Hurlo Thrumbo existed as a band for approximately 18 months, from late 1989 until early 1991. After our previous band The Beat Meters finally collapsed from entropy, Jeri Arsenault and I decided to do something different. Hurlo Thrumbo was nothing if not different.


We had some pretty nice posters.
Five of them.


You'll need Quicktime to play the MP3's below



Shape Shifter


Life Through Veils


Uncle Wigalee


Download the songs here:

Shape Shifter
Life Through Veils
Uncle Wigalee

All songs ©1990, Meteoroid Music.

The Beat Meters had been a showy, and at times complicated affair, and after wrangling a six-piece dance-pop band, we wanted to do something simpler, and more down to earth. A four-piece straight ahead rock oufit was the antidote we needed to counteract four years of sythesizers, samplers, 4 part harmonies, choreography and sky high studio budgets.

We hit the want-ad circuit in mid 1989, and after quite a few "interesting" auditions, (Niall from Amsterdam, where are you? What a crazy fun week) we settled down with drummer Pete Levine, fresh from Washington D.C. and Greg Meredith on guitar.

The band, overall, played just thirteen gigs-- listed below, plus one I can recall being at, but can't remember the club.

1990
Jan 2, Outhouse
Jan 9, Steamboat
Jan 15, Cannibal Club
Jan 19, The Club
Feb 9, The Club
Feb 23, The Club
March 1, Cannibal Club
(?March?) 28, The Club
Dec 17, Cannibal Club

1991
Feb 25, Backroom
Feb (?) Cannibal Club
March 17, Thundercloud Biergarten

By march of 1990, Pete had already quit the band in a huff, and Greg decided he was too busy with work and child rearing to want to stick around for another audition cycle, so back to the want-ads we went.

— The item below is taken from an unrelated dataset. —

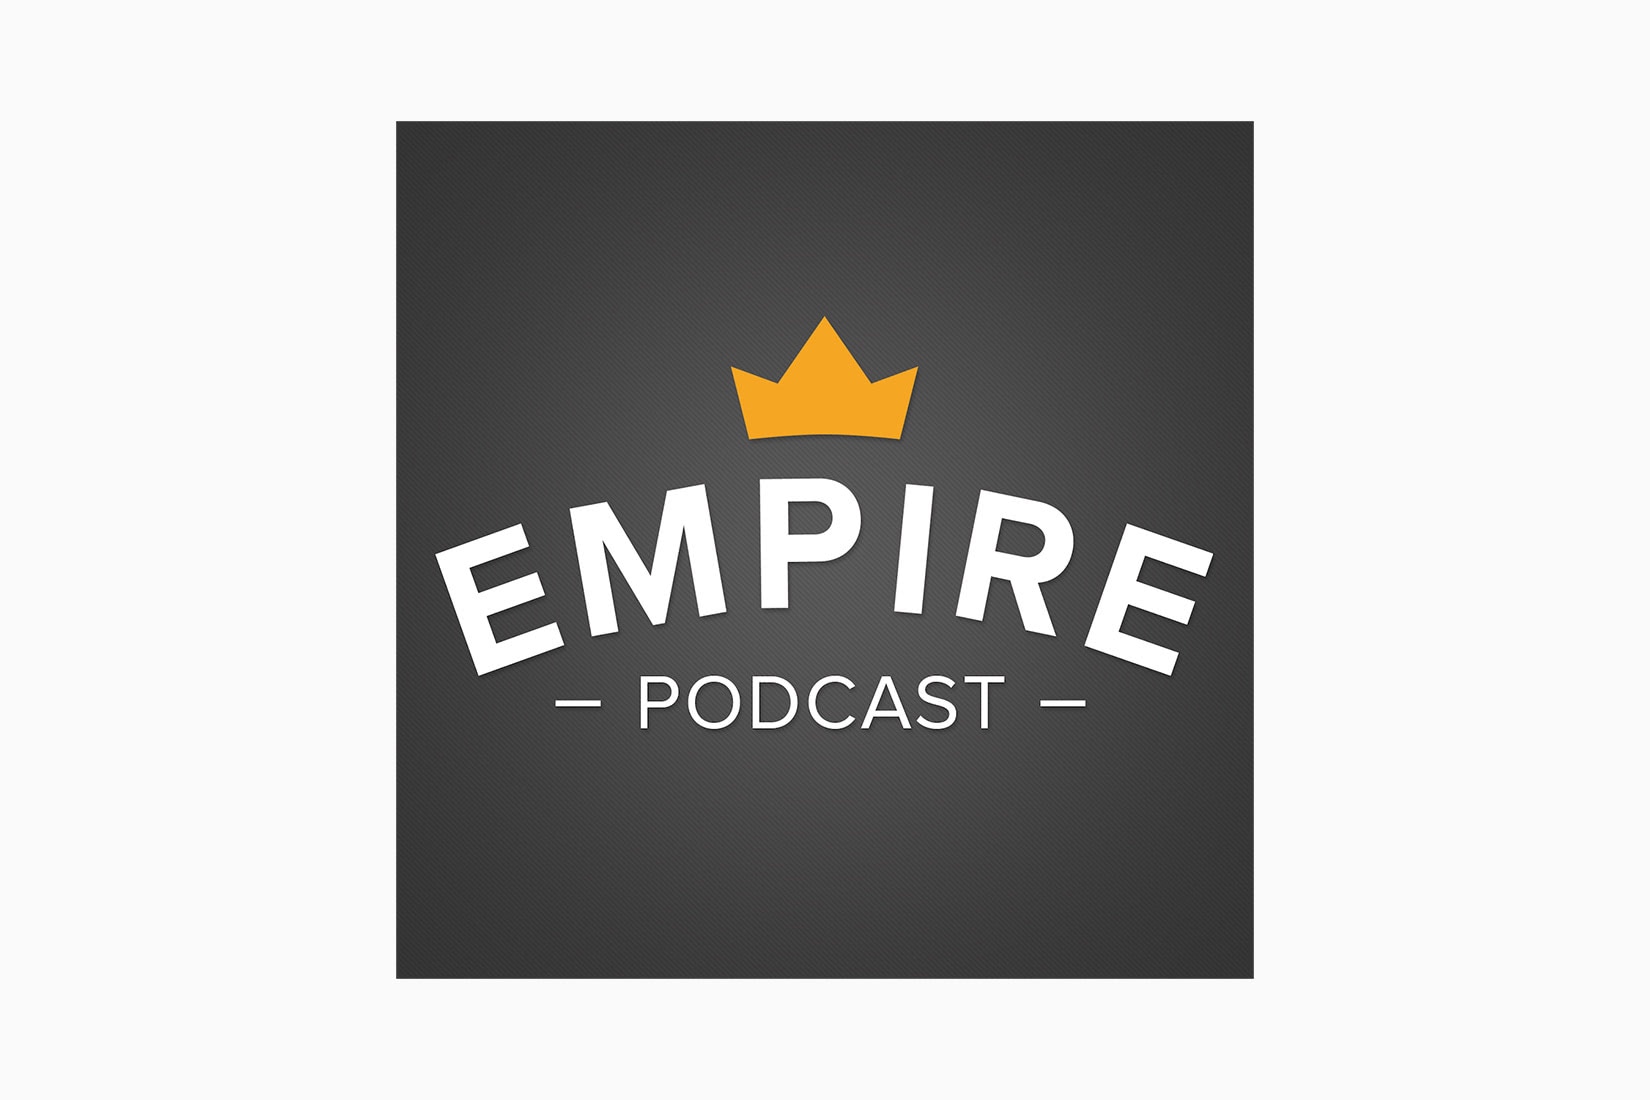 meilleurs podcasts empire flippers podcast luxe digital

We re-enlisted former Beat Meters drummer Dennis Bruhn, and guitarist Bill Baldwin joined the band just long enough to play two gigs, and record a three song demo at Congress House. After he quit, we made one last-gasp attempt to hold the thing together, enlisting long-time friend Ron Tindle to play guitar, but after a year of stop-gap membership, and an inauspicious reception from the local music business (as well as audiences), we decided to give up the ghost in April of 1991.

The Session: The three songs presented here were recently rescued from an 11 year old cassette tape, the sole remaining artifact of that session. The songs have survived suprisingly intact, aside from a persistent hiss, and one brief flutter about 30 seconds into Shape Shifter. I did nothing in the way of remastering, save a small high shelf e.q. added to make up for "softness."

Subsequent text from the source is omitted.